Exercise description>
Aside from the pictures, copy the listing exactly.

Given material>

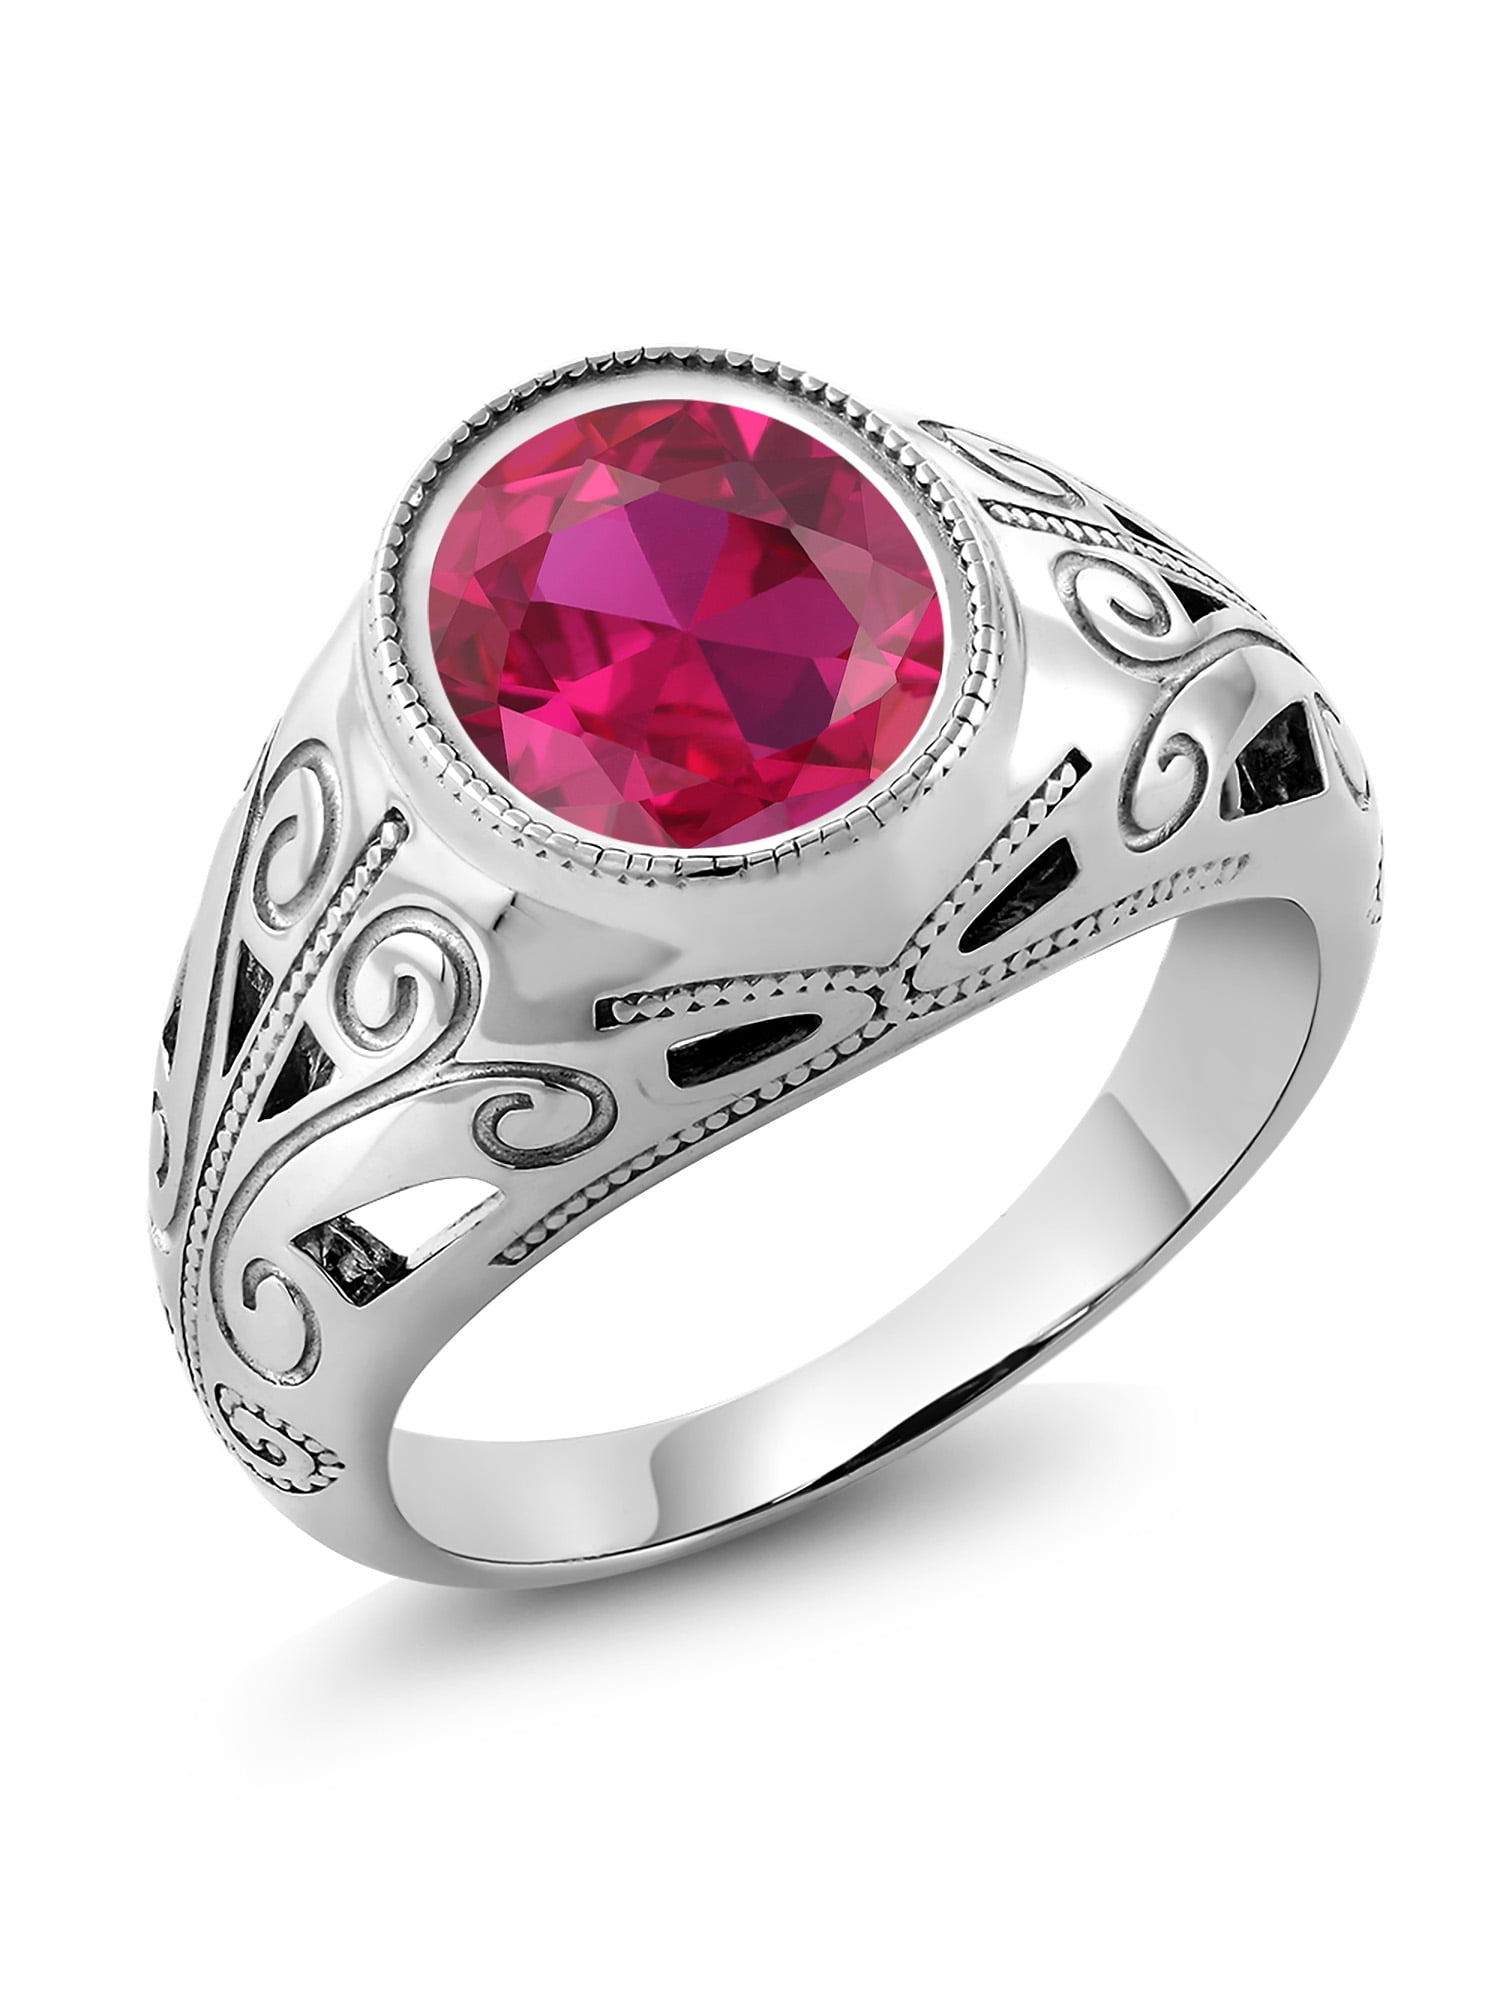 2 CT RED TEAR RUBY SOLID 925 Sterling Silver 14K Gold Finish Cubic Cocktail Ring 
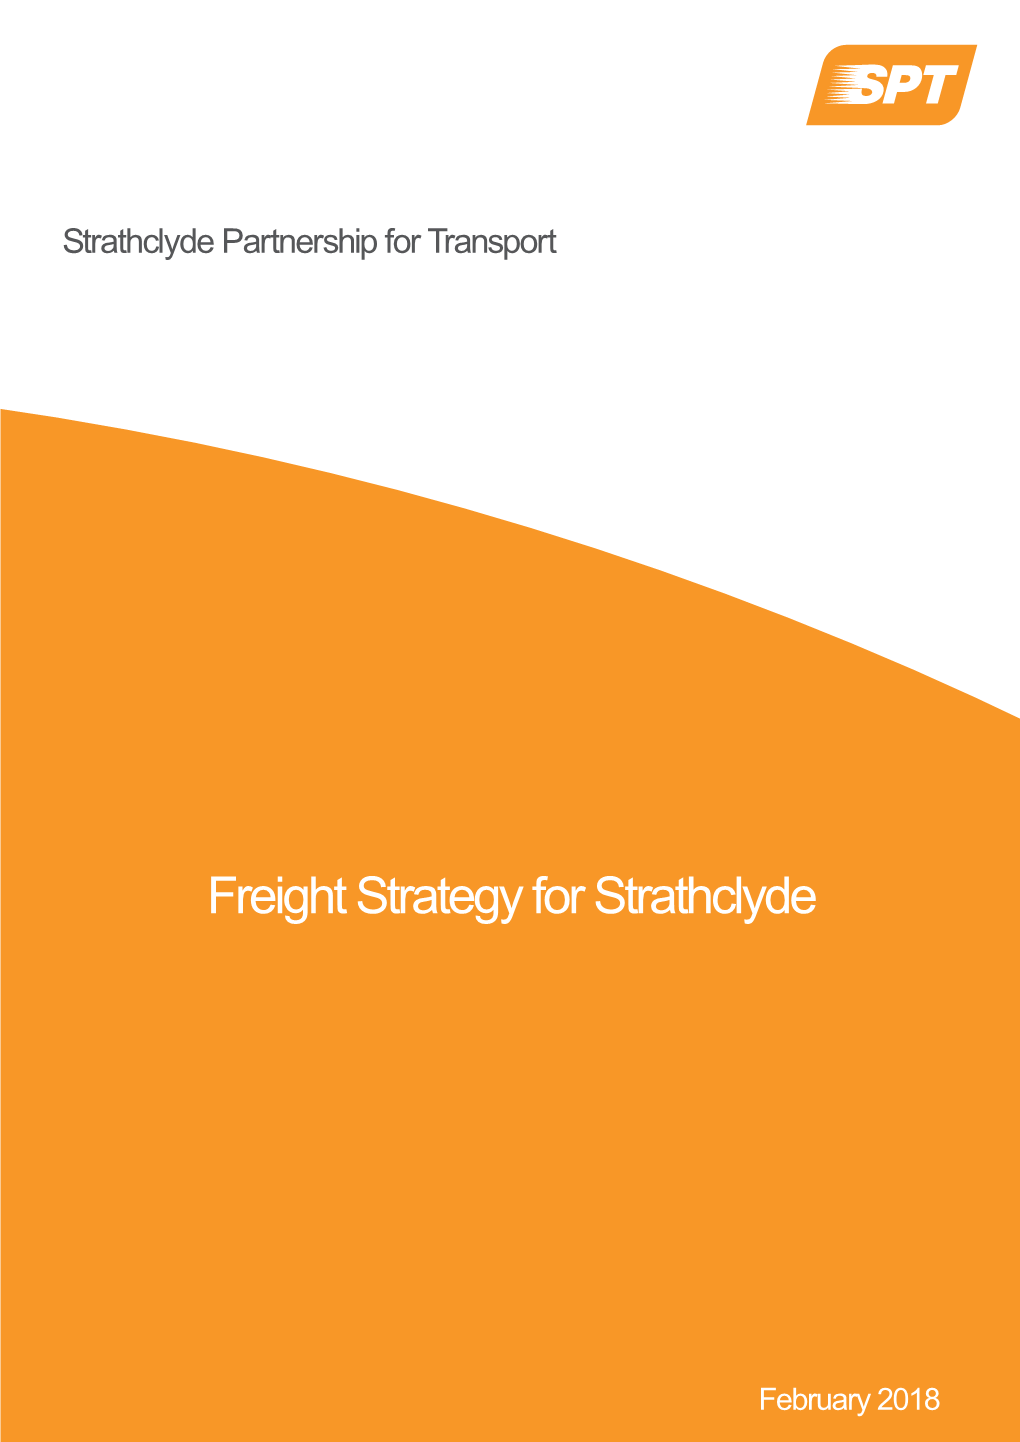 The Need for a Freight Strategy
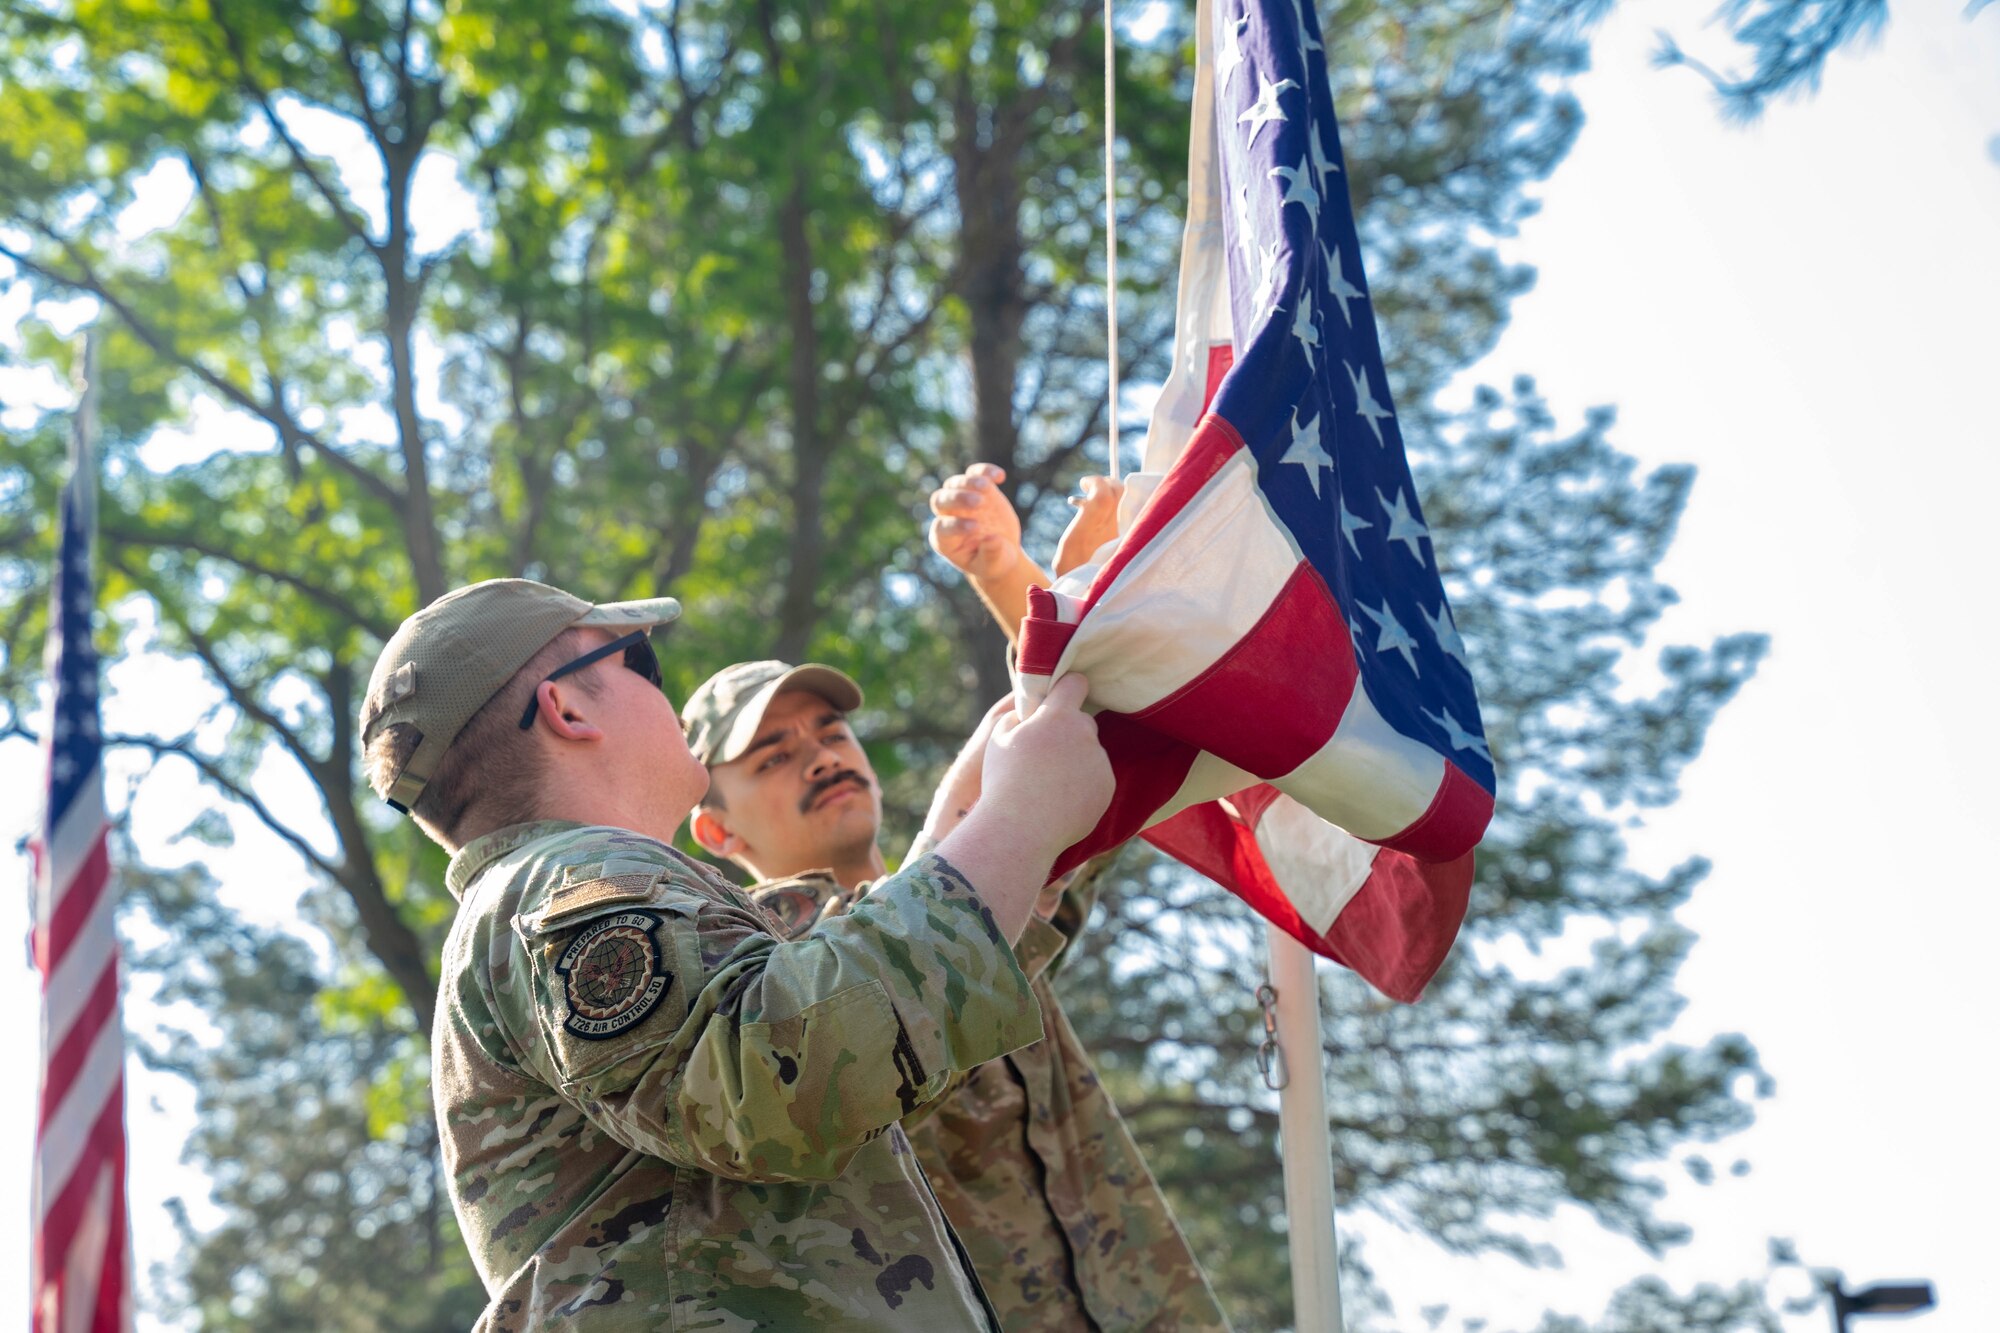 Senior Airman Chase Hanes, left, 726th Air Control Squadron, and Senior Airman Jonathon Vowels, 366th Security Forces Squadron, Mountain Home Air Force Base, hoist up the flag at the Idaho State Veterans home, Boise, Idaho, May 20, 2023. Airmen volunteered for a car show event at the veteran’s home, assisting senior veterans with voting on their favorite car. (U.S. Air National Guard photo by Senior Airman Natalie Filzen)

Written reply>
 2 CT RED TEAR RUBY SOLID 925 Sterling Silver 14K Gold Finish Cubic Cocktail Ring 
 The Need for a Freight Strategy
 Senior Airman Chase Hanes, left, 726th Air Control Squadron, and Senior Airman Jonathon Vowels, 366th Security Forces Squadron, Mountain Home Air Force Base, hoist up the flag at the Idaho State Veterans home, Boise, Idaho, May 20, 2023. Airmen volunteered for a car show event at the veteran’s home, assisting senior veterans with voting on their favorite car. (U.S. Air National Guard photo by Senior Airman Natalie Filzen)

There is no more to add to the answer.